Bülent Diken teaches Social and Cultural Theory at Lancaster University, UK. In particular, his research interests include the sociology of cinema and urbanism.Graeme Gilloch is Reader at Lancaster University, UK. He researches and teaches courses in visual culture and metropolitan and urban cultures.Craig Hammond is Reader in Pedagogies and Critical Theory in the School of Education at Liverpool John Moores University, UK.

Summary

Film maker Nuri Bilge Ceylan's meditative, visually stunning contributions to the 'New Turkish Cinema' have marked him out as a pioneer of his medium. Reaping success from his prize-winning, breakout film Uzak (2002), and from later festival favourites Once Upon a Time in Anatolia (2011) and Winter Sleep (2014), he has quickly established himself as an original and provocative writer, director and producer of 21st century cinema. In an age where Turkey's modernisation has created societal tensions and departures from past tradition, Ceylan's films present a cinema of dislocation and a vision of 'nostalgia' understood as homesickness: sick of being away from home; sick of being at home. This book offers an overdue study of Ceylan's work and a critical examination of the principle themes therein. In particular, chapters focus on time and space, melancholy and loneliness, absence, rural and urban experience, and notions of paradox, as explored through films which are often slow and uncompromising in their pessimistic outlook.

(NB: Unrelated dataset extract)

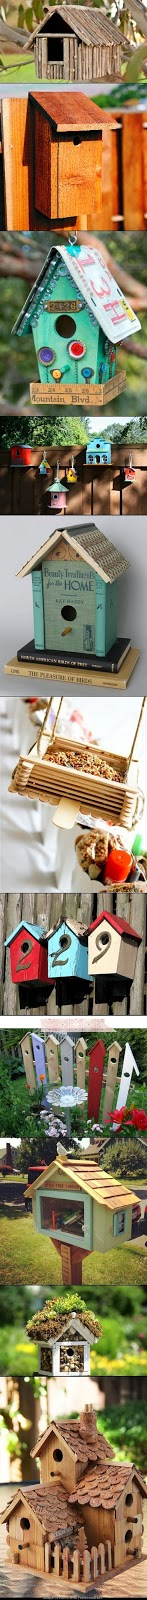 DIY Amazing Birdhouse
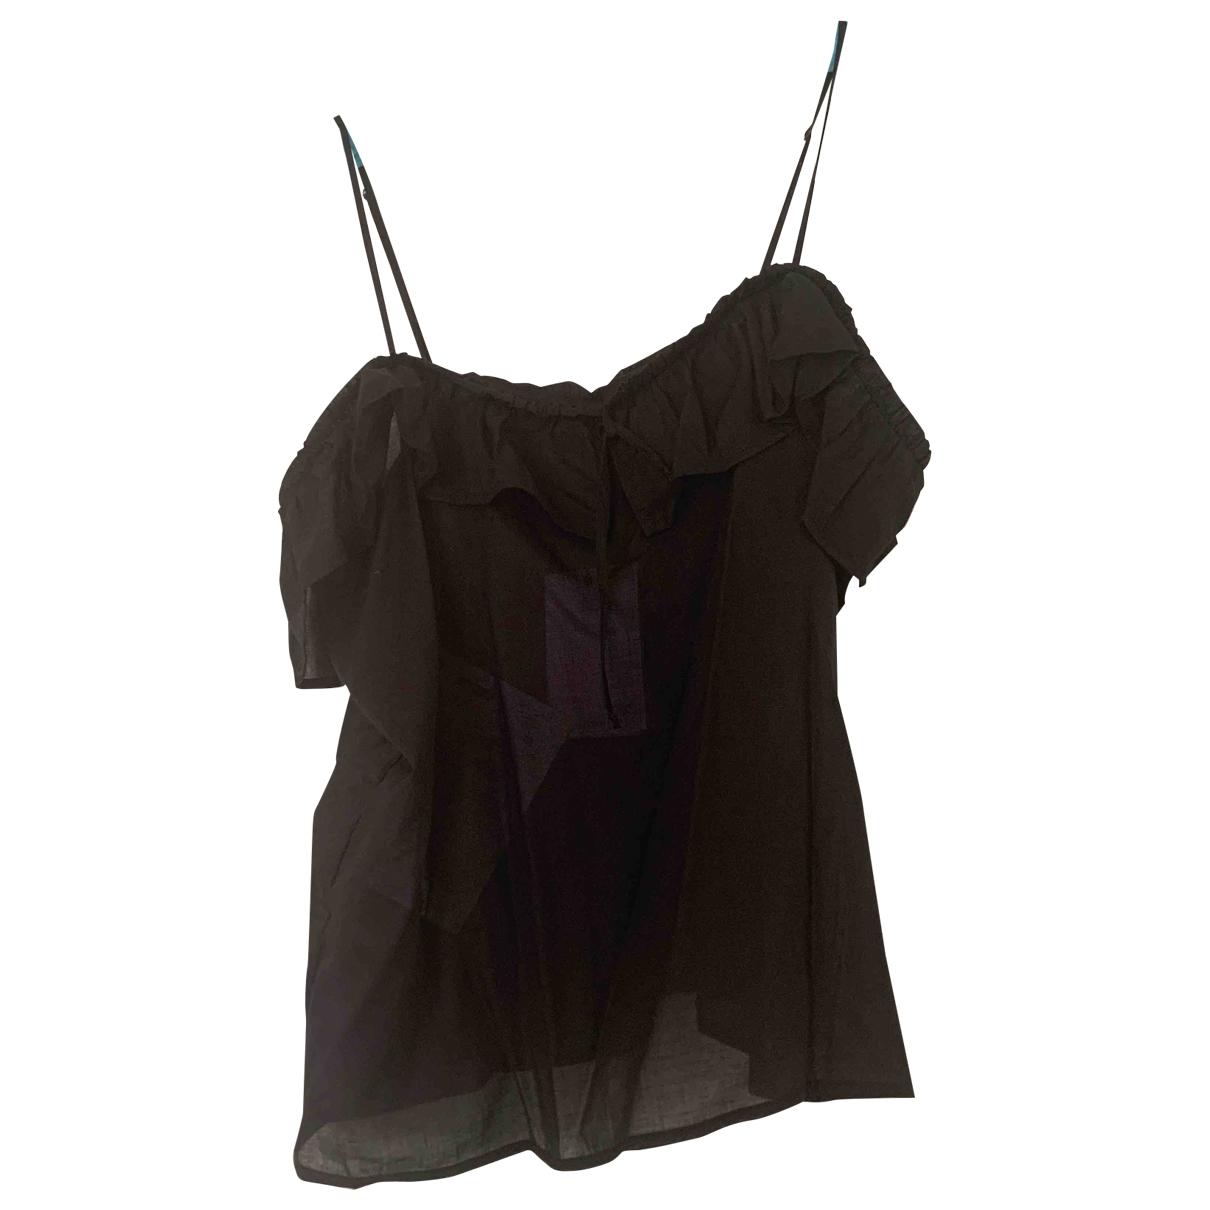 Anine Bing \N Black Cotton  top for Women XS International

Moving on from the tendency to situate Ceylan's oeuvre exclusively within the canon of 'New Turkish Cinema', one of this book's major achievements is also to assess the influence of classic European thought, literature and film and how such a notably minimal - and in many ways nationally-specific - approach translates to an increasingly transnational context for film. This will prove an important book for film students and scholars, and those interested in Turkish visual culture.